Cost-Efficient Multi-Scale Fovea for Semantic-Based Visual Search Attention

Published 4 Apr 2026 in eess.IV and cs.CV | (2604.03836v2)

Abstract: Semantics are one of the primary sources of top-down preattentive information. Modern deep object detectors excel at extracting such valuable semantic cues from complex visual scenes. However, the size of the visual input to be processed by these detectors can become a bottleneck, particularly in terms of time costs, affecting an artificial attention system's biological plausibility and real-time deployability. Inspired by classical exponential density roll-off topologies, we apply a new artificial foveation module to our novel attention prediction pipeline: the Semantic-based Bayesian Attention (SemBA) framework. We aim at reducing detection-related computational costs without compromising visual task accuracy, thereby making SemBA more biologically plausible. The proposed multi-scale pyramidal field-of-view retains maximum acuity at an innermost level, around a focal point, while gradually increasing distortion for outer levels to mimic peripheral uncertainty via downsampling. In this work we evaluate the performance of our novel Multi-Scale Fovea, incorporated into SemBA, on target-present visual search. We also compare it against other artificial foveal systems, and conduct ablation studies with different deep object detection models to assess the impact of the new topology in terms of computational costs. We experimentally demonstrate that including the new Multi-Scale Fovea module effectively reduces inherent processing costs while improving SemBA's scanpath prediction accuracy. Remarkably, we show that SemBA closely approximates human consistency while retaining the actual human fovea's proportions.

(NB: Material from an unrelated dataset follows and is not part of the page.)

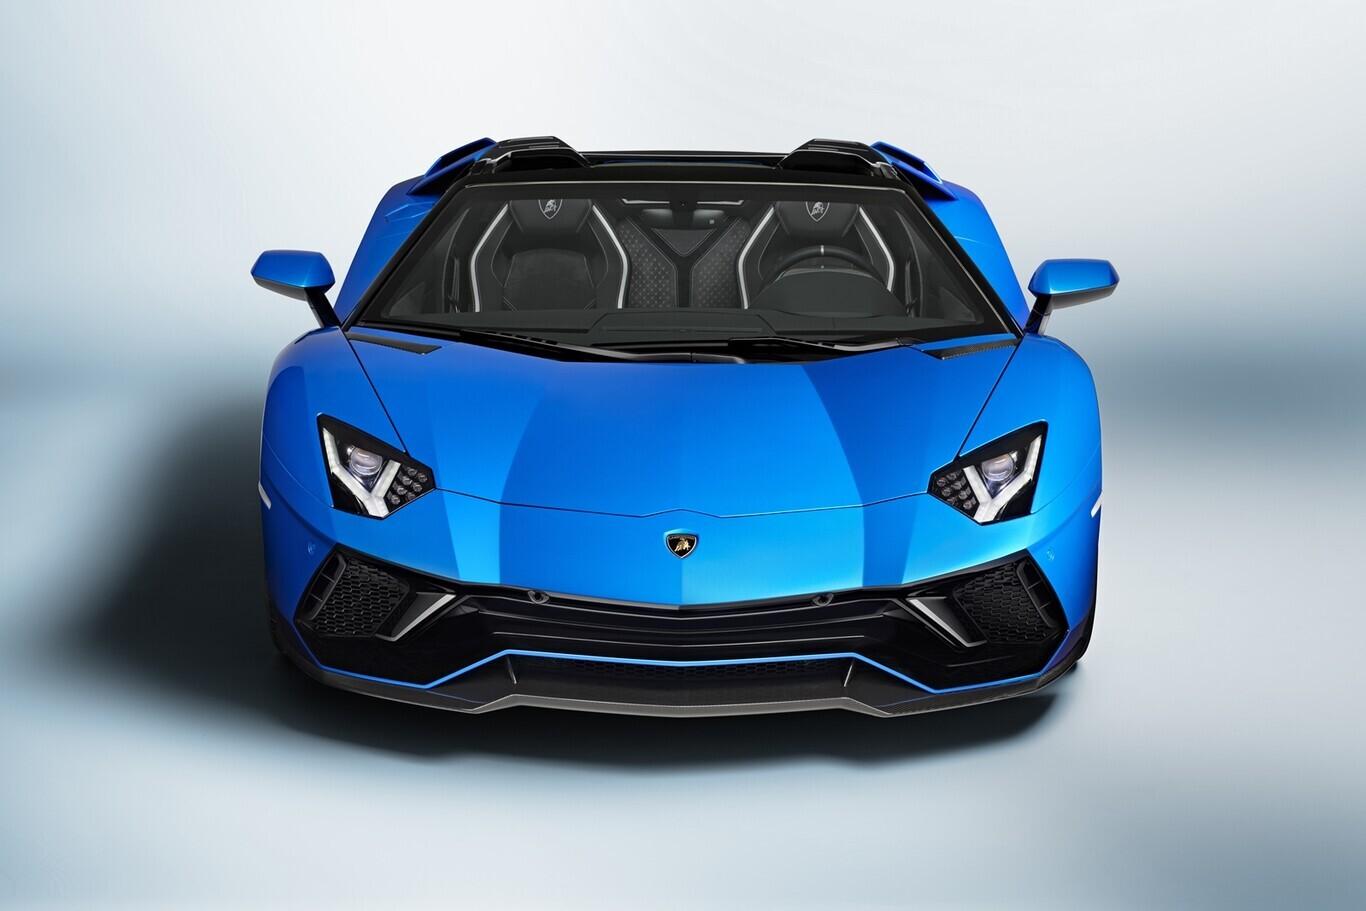 Foto de Lamborghini Aventador LP780-4 Ultimae (13/18)

Abstract PDF Upgrade to Chat

Authors (3)

Summary

The paper demonstrates that integrating the Multi-Scale Fovea module into the SemBA framework achieves human-level semantic scanpath similarity while drastically reducing computational cost.
Methodology involves generating a multi-resolution pyramid of concentric crops that emulate the human retina’s peripheral distortion without retraining existing detectors.
Experiments on COCO-Search18 show a 17.6x speed-up with DETR, processing fewer than 6% of input pixels while maintaining robust attention prediction performance.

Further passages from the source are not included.